= Scissors (game) =

Party game

Scissors is a party game in which the rules of game are hidden from some of the players. Players will sit in a circle and pass a pair of real or imaginary scissors to the player to the left of them. The scissors may be passed open or closed, depending on a rule which is known only to one or two players. As each player passes the scissors they will declare whether the scissors are open or closed as they attempt to deduce the rule. A player wins when they deduce the rule, so consistently pass the scissors in the correct form. Variants of this game have been recorded as early as the nineteenth century.

== Play ==

The players sit on chairs in a circle, preferably without a table in the way, and have an object such as an empty plastic drink bottle or even a genuine pair of scissors. In turn, each player passes the object to the player on their left stating whether they are passing the scissors open or passing the scissors closed. As each player does this the others say whether they have got it right — the players who already know the game judge whether the passing was correct or not. The objective of the game is to work out what is going on and consistently find the correct method of passing.

== Solution ==
The most common solution to this game is that scissors are passed closed if your legs (or even ankles) are crossed, or if the passer's hands are closed, and the scissors are passed open if uncrossed or if the passer has their hands open. At the beginning of the game positions and movements should be natural. Towards the end, they will need to be heavily exaggerated.

== Other variations ==
Other variations of this game theme are common, where different objects work as the "scissors" with the same solution, or with slightly different solutions — for example, the legs may need to be uncrossed when not passing, or the pass may need to be done so that the passing arm crosses the body. There may also be a combination of actions, such as needing to pass a pair of scissors blade-first to the next player as well as crossing or uncrossing the legs; the player may realize that one part is necessary but not the other.

In Finland, a similar game is played under the name Näin räätäli sakset antaa ("This Is How The Tailor Hands The Scissors"). As in the version described above, the trick is also to cross one's legs or ankles while passing the scissors to the next person, but the same phrase of "this is how the tailor hands the scissors" is repeated no matter if the scissors are open or closed. Players who know the trick may fool others with complicated hand gestures or by emphasizing one of the words. The clueless participants will then unsuccessfully try to mimic the previous person who did it correctly. There is a game judge who knows the trick from the start and will watch people when they pass the scissors, telling them "that's right" or "no, that's wrong". After some time passes, people may incidentally have their legs crossed, and eventually most people will figure out that crossing legs is the trick.

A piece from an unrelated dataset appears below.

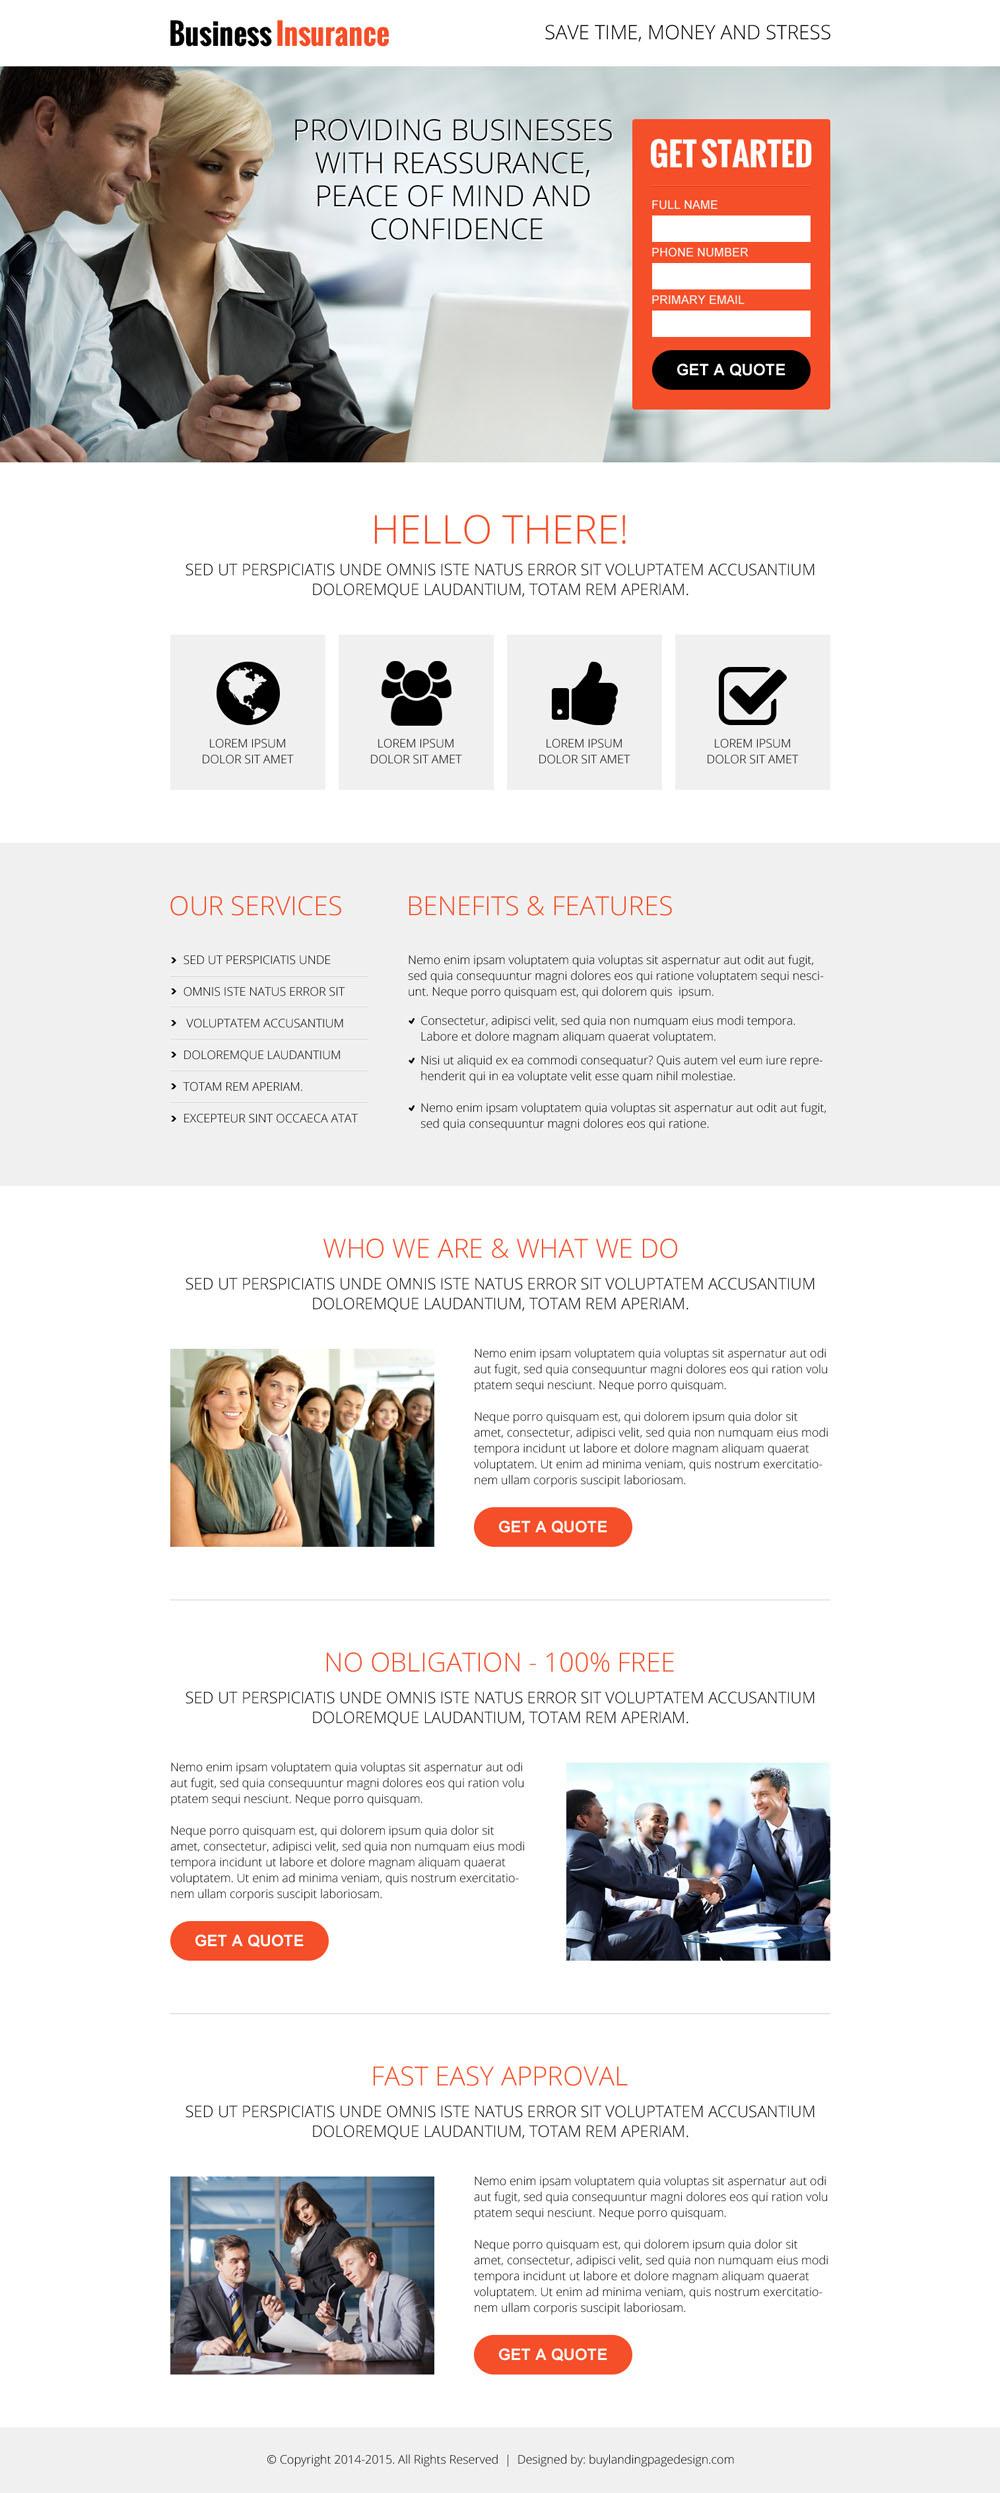 business-insurance-lead-capture-conversion-centered-landing-page-design-template-015

The Dropout panel show Game Changer was loosely based on Scissors when it was first pitched by host and current Dropout CEO Sam Reich. Every episode features a different game, with the players usually unaware of the game or its rules before play begins.

==Origin==
The origin of the game is unknown, but rules for one early version appear in an 1860 publication:

A pair of scissors, or any similar article, is passed from hand to hand, each player saying as she gives them to her neighbour, "I return you my crossed (or uncrossed) scissors." In the first case, she must, whilst pronouncing the formula, carelessly cross her hands or feet; in the second, she must be careful to keep them apart. This game, simple as it is, often greatly puzzles those unacquainted with the secret.

A similar game was described in the Los Angeles Times in 1899:
A simple game is to have a pair of blunt scissors. All the company sits in a circle, and one takes the scissors and hands them to his neighbor on the right saying: "I make you a present of a pair of scissors closed". They can say "open" or "closed" at will, the company immediately crossing their feet and hands when any one says open and vice versa. This game should be played in a very lively manner, so as to cause those playing to forget and leave their hands and feet crossed and uncrossed at the wrong time. Forfeits are paid when a mistake is made. It is something after the old game of "Simon says."

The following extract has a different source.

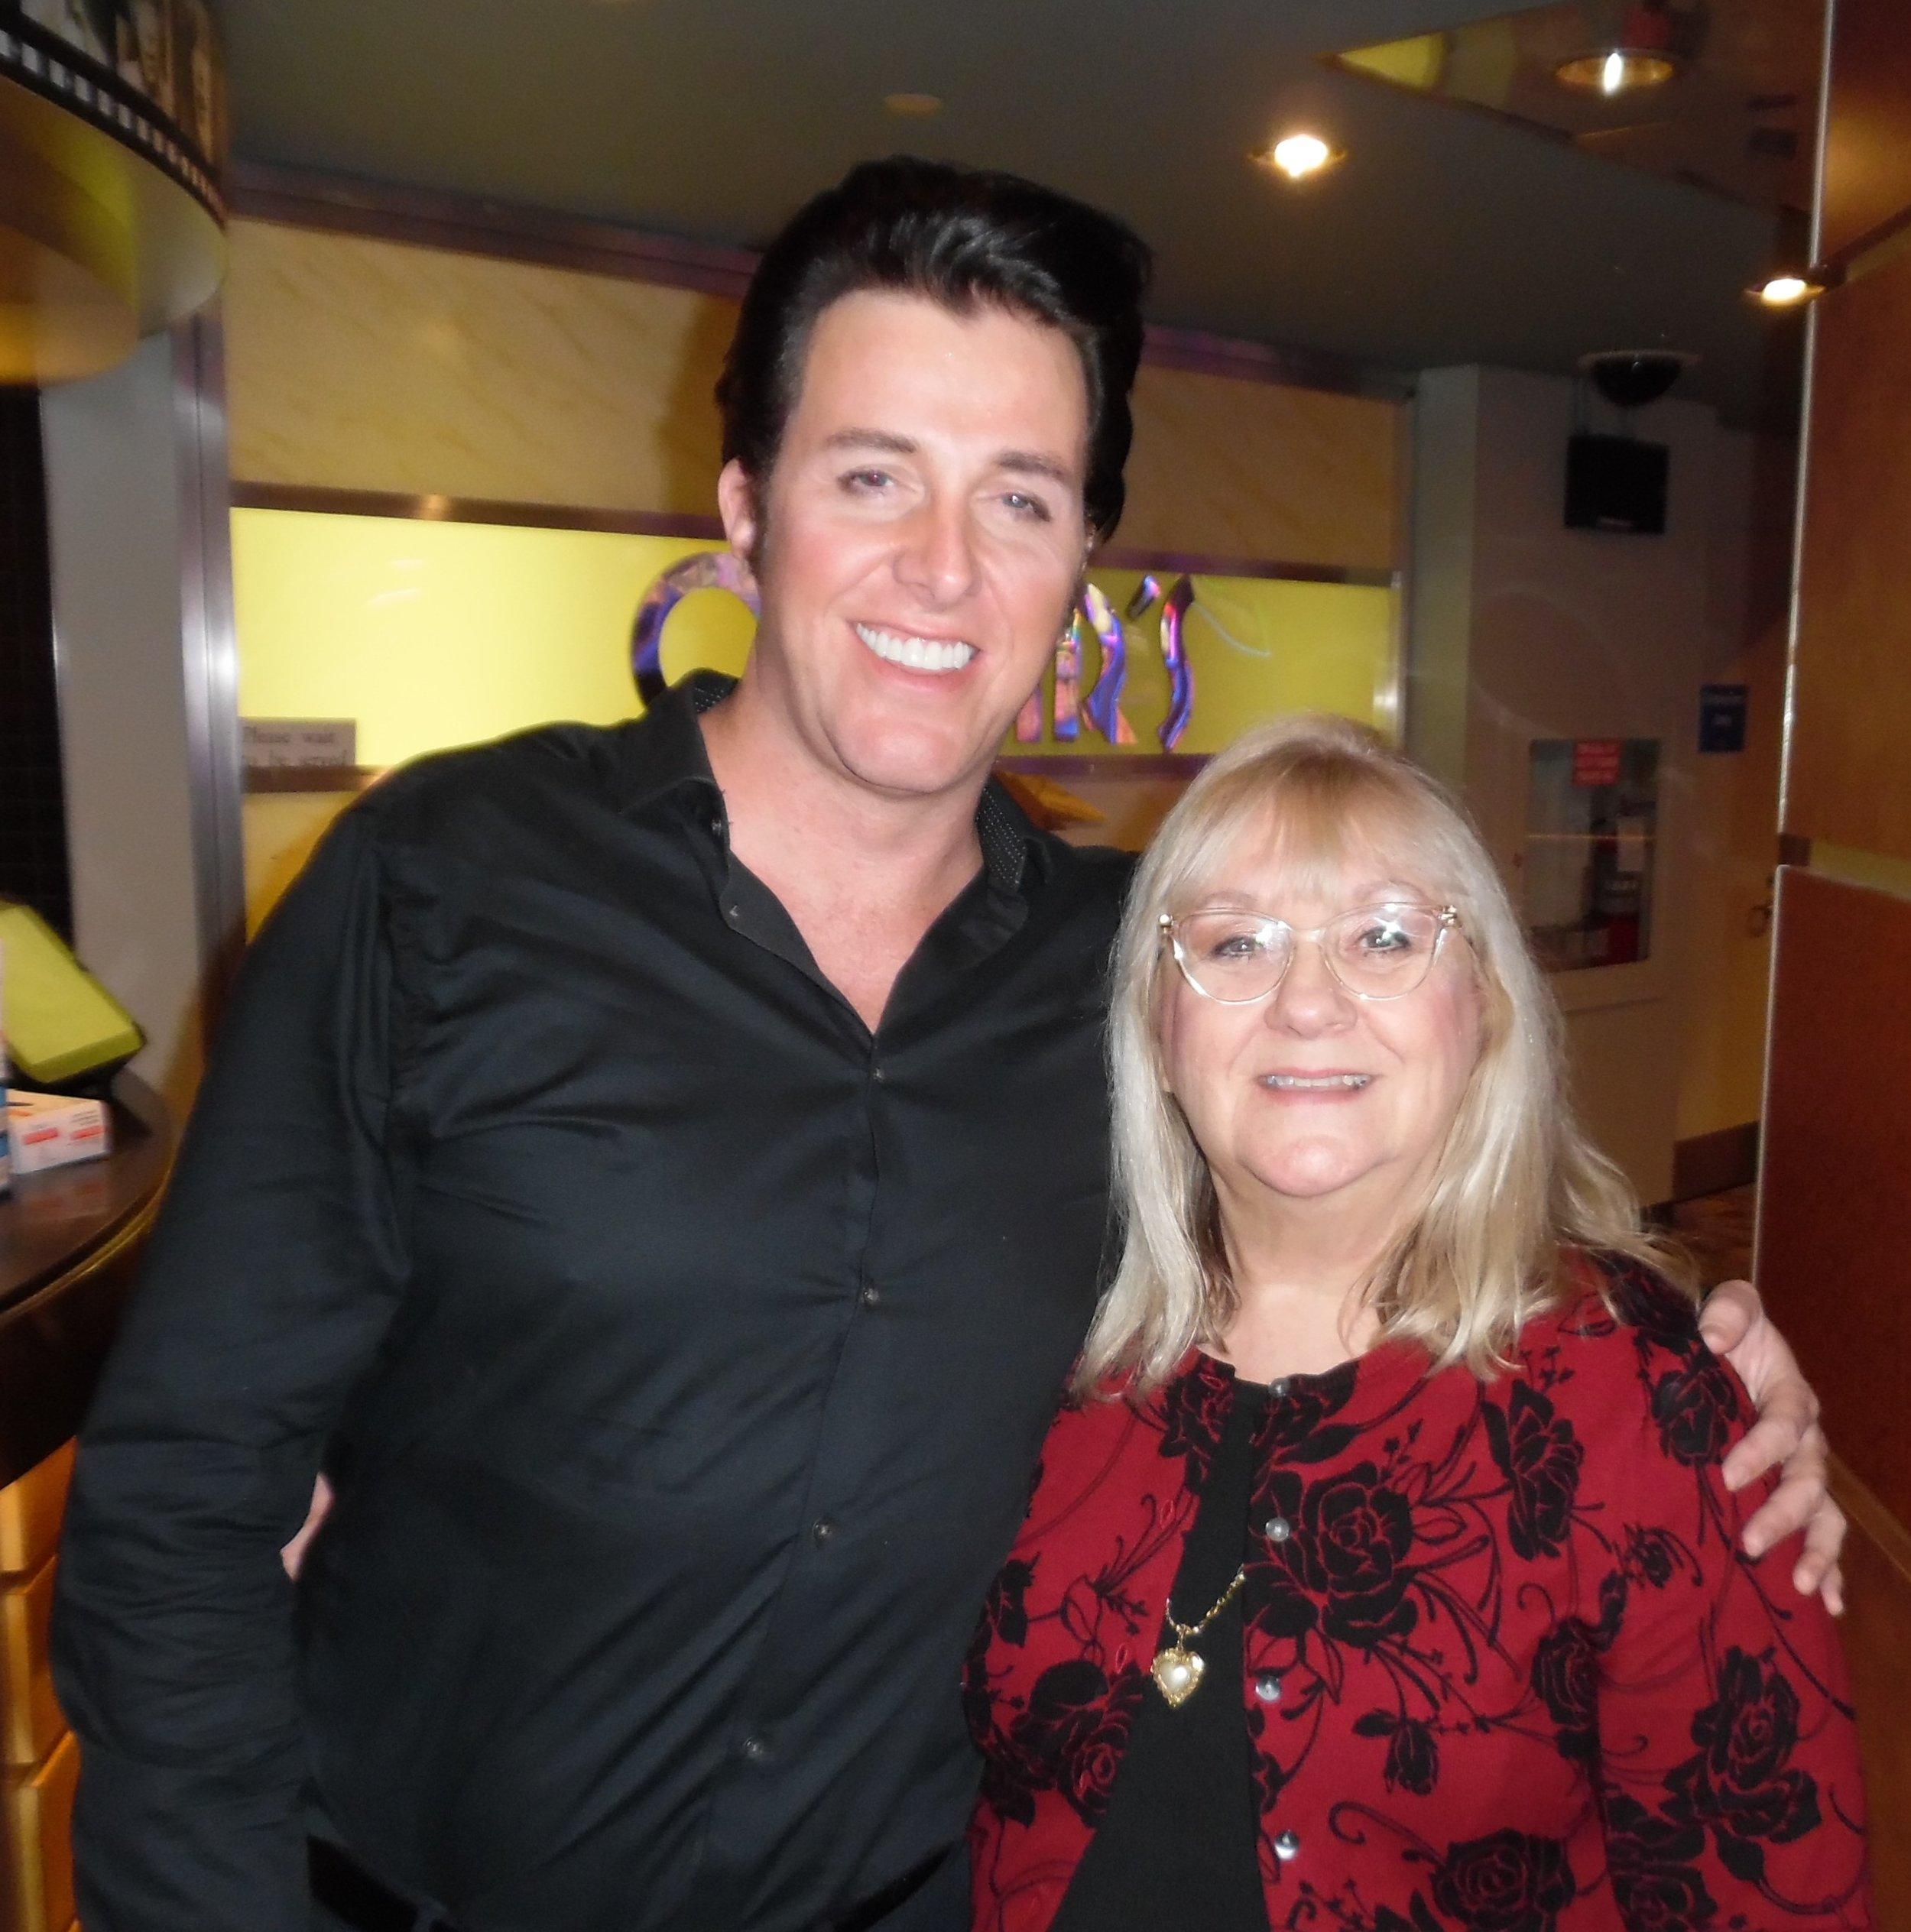 ETA  Mage Cage  with Carolyn MacArthur, Editor of SIDEBURNS Magazine, at Matt's show at Mohawk Raceway, Friday, February 9th, 2018.

The version now played was included in a 1905 games book:

The leader hands a closed pair of scissors to her accomplice, who takes it and says: "I received these scissors uncrossed and I give them crossed." (Opening the scissors as she speaks.) She passes them to the player on her right who should say: "I receive these scissors crossed and I give them crossed." (If they are left open; if closed, they are uncrossed.) Those who do not know the game receive the scissors and pass them and say what they think they ought. It may be just what the player before said, but the condition of the scissors may not be the same, and, therefore, it is not right. Thus each one has a turn, and the game continues until some bright player notices that the scissors are called crossed when they are open and uncrossed when they are closed, and that the player who knows the game crossed her feet if the scissors were crossed, and if not, her feet were uncrossed, or resting on the floor as usual.